At the moment I’ve thought of a method for “Large object LOD” this would be for objects greater than X Km’s long like Planets and Super structures. It involves transitioning from a scene with small objects to a scene with a bigger more detailed objects the closer you get to the object in question. (Detailed objects would always be at 0,0,0 of the scene transition) It’s going to be difficult to implement as my understanding of C++ syntax is weak. However I think I’m up for the task. (I’m not going to attempt planetary landing, procedural generation of that level is too high of a scope, just being able to get close to a planet and it looking massive on screen is the goal) I hope to use world tiling for believable distances for the smaller/less detailed planet objects and super structures giving the illusion that the player has just traveled a great distance.

Indeed this does seem to be the case, which is fine because from my first initial test this only seems to have an effect on objects that are sitting at any position greater than 1500000.0 if this holds true then it is good news for my “Large Object LOD” idea.
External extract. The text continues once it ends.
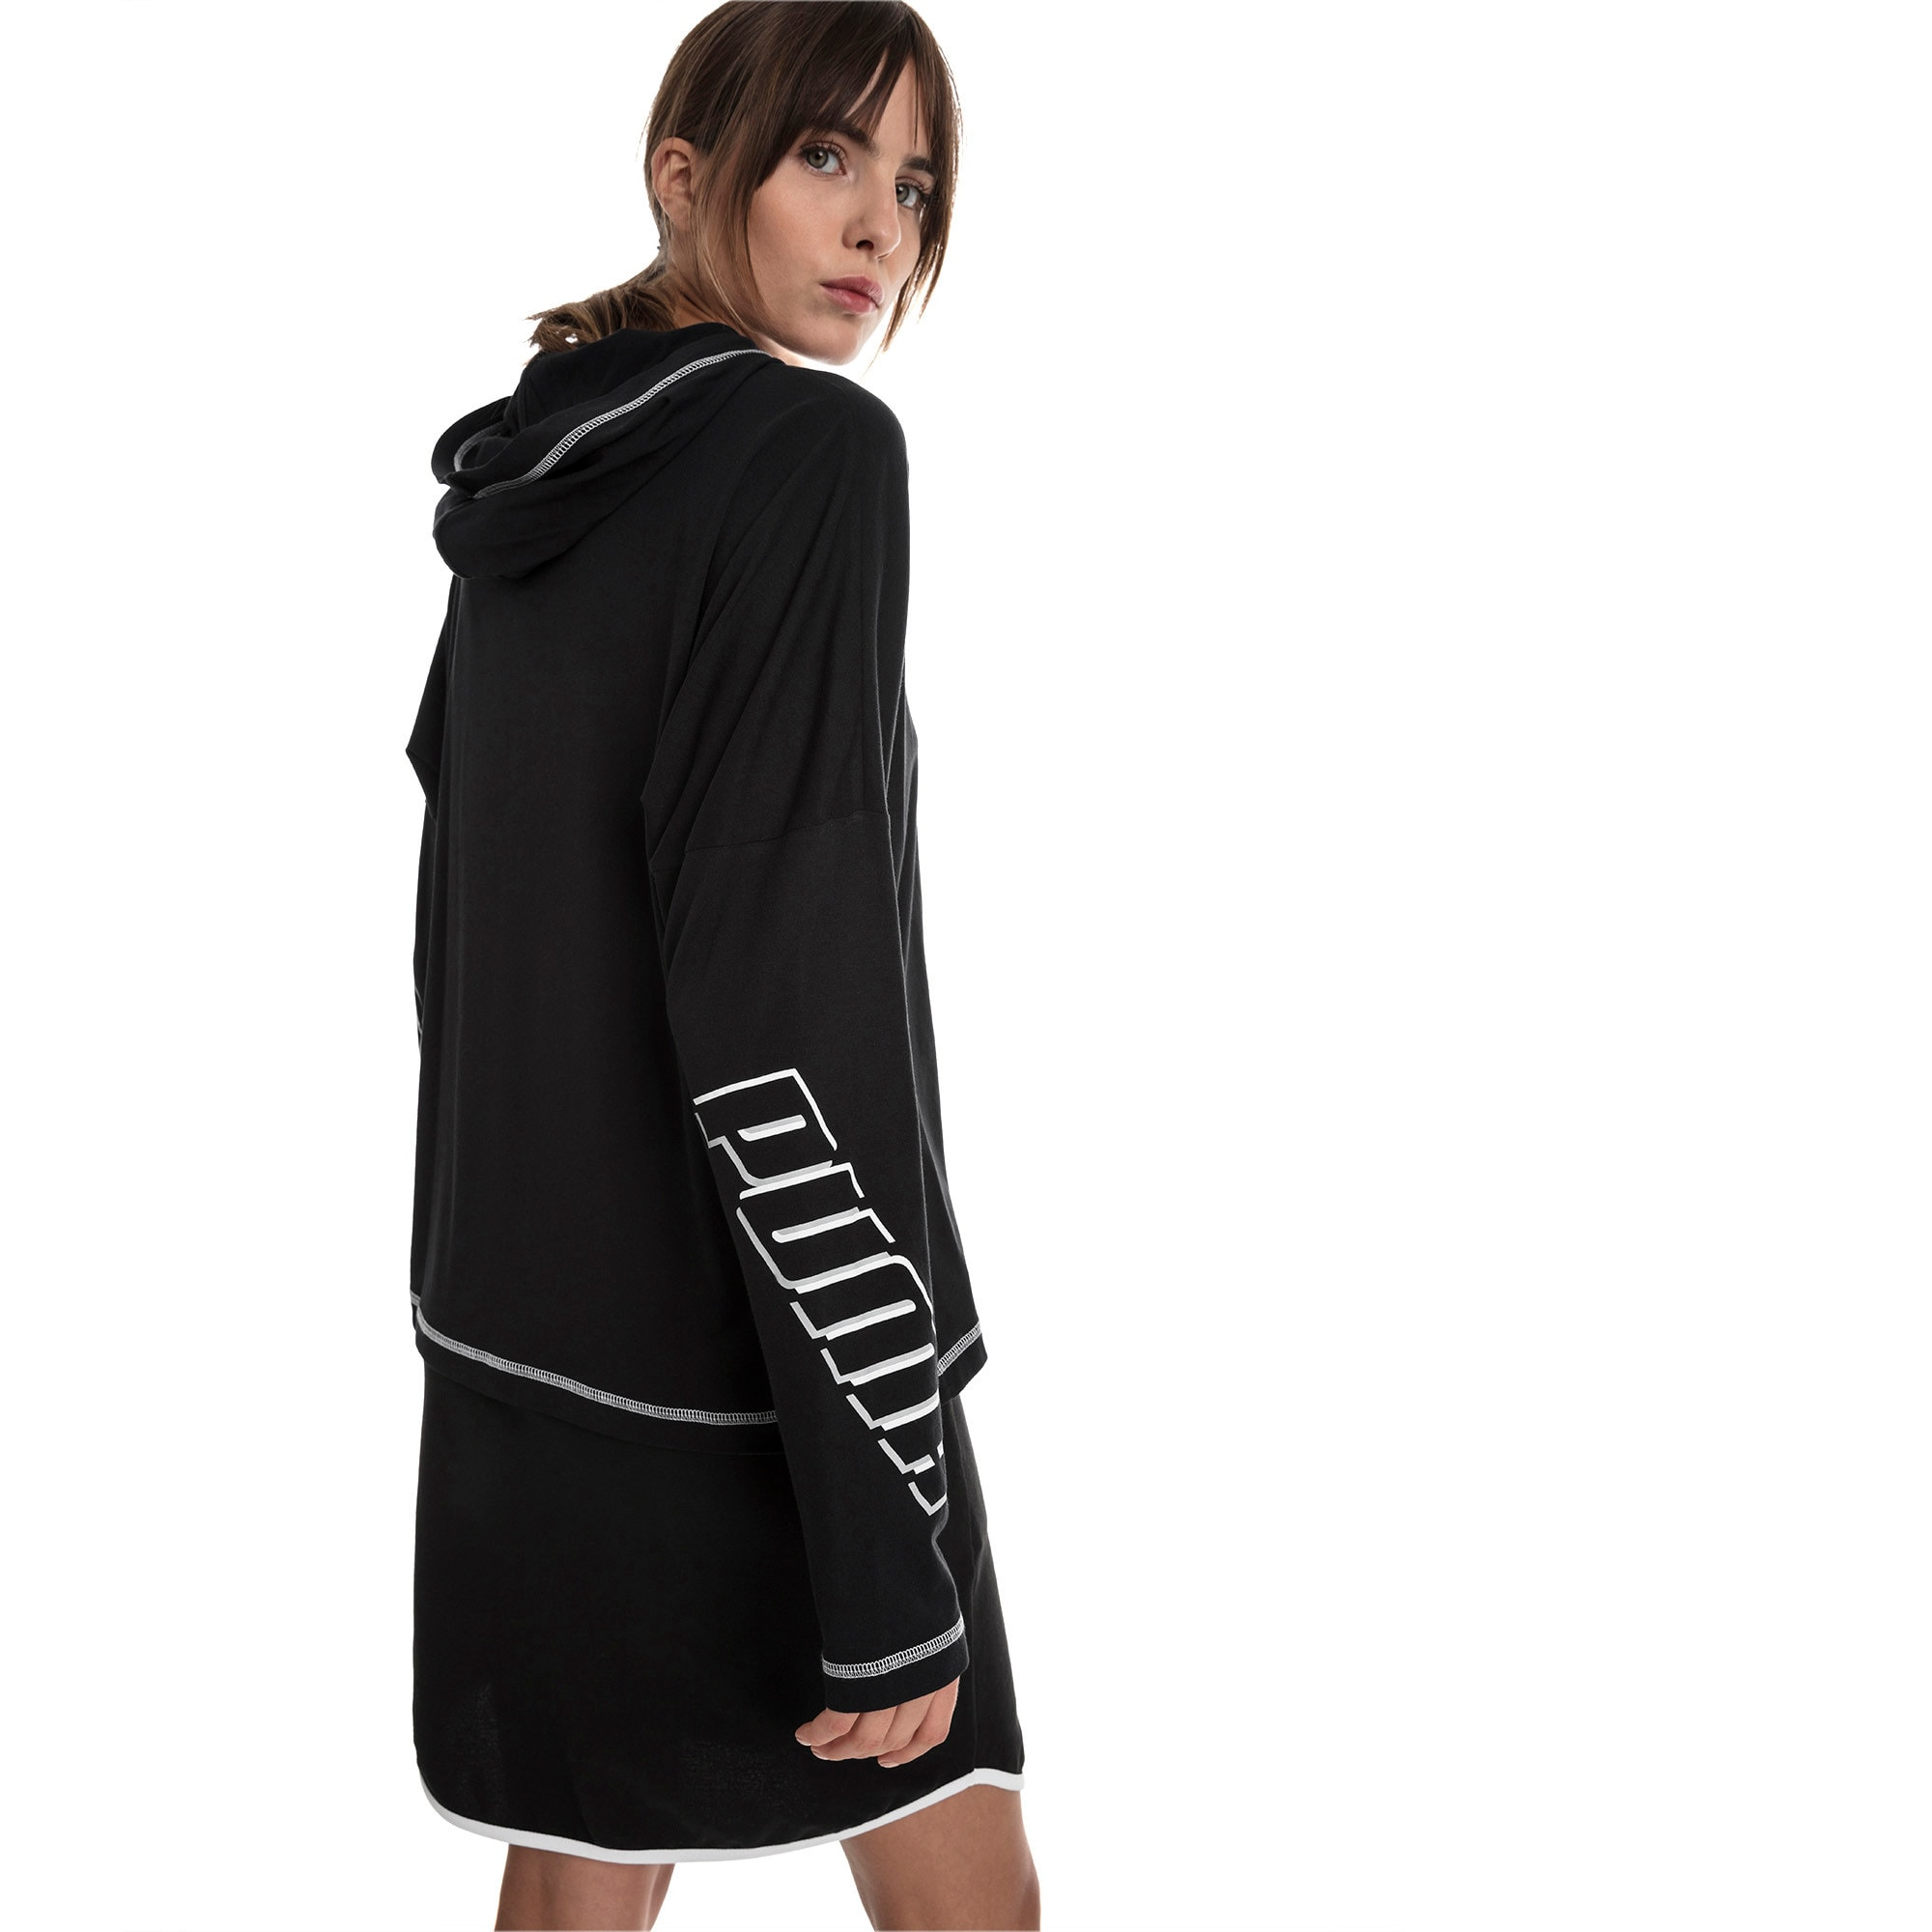 Miniatura 2 de Top liviano Modern Sports para mujer, Cotton Black, mediano

All in all a better understanding of Urho3D and C++ syntax is in order, I believe that I’ll obtain that simply through trial and error like I did with C#, it helps that a lot of things within Urho and C++ are in a sense similar to C# and Unity. I am hoping it helps with the learning process.

EDIT/ Just had a thought that my Large object LOD idea and world tiling could possibly be implemented in the exact same way via “world tiling” right now the plan of attack is the scour the examples and docs to see if I can figure out how to load Node’s from XML files then see if I can make world tiling happen.

Thanks guys!

gawag

Sounds interesting.

About noise: there’s a library called libnoise that may be useful: libnoise.sourceforge.net/
I used that library many years ago to generate heightmaps.
Are you sure you want to generate textures at each startup? Would really slow down startup.
Or just at the first?
You could also just pre-generate textures. I experimented with these to generate seamless textures: urho3d.wikia.com/wiki/Creating_T … extureEdit

About XML: I wrote about reading quite a while ago: urho3d.wikia.com/wiki/XML Never tried writing but should be easy as well.
Urho3D has also the feature of loading and saving scenes. I’ve never used that though and using XML more directly could be better in your case anyway.

Could you write things down where you were stuck or that you find weird or difficult? I’m always interesting in difficulties regarding Urho and C++ (or programming in general). Also we are working on adding learning material to Urho and such “beginner difficulties” or “slowdowns” would be really helpful. Also I find Urho to be sometimes weird to use and I’m sure I’m not the only one.

Edit: Oh have you tried changing the near and far clip distance? Could help.

Enhex

You’d still have precision problems with the node itself.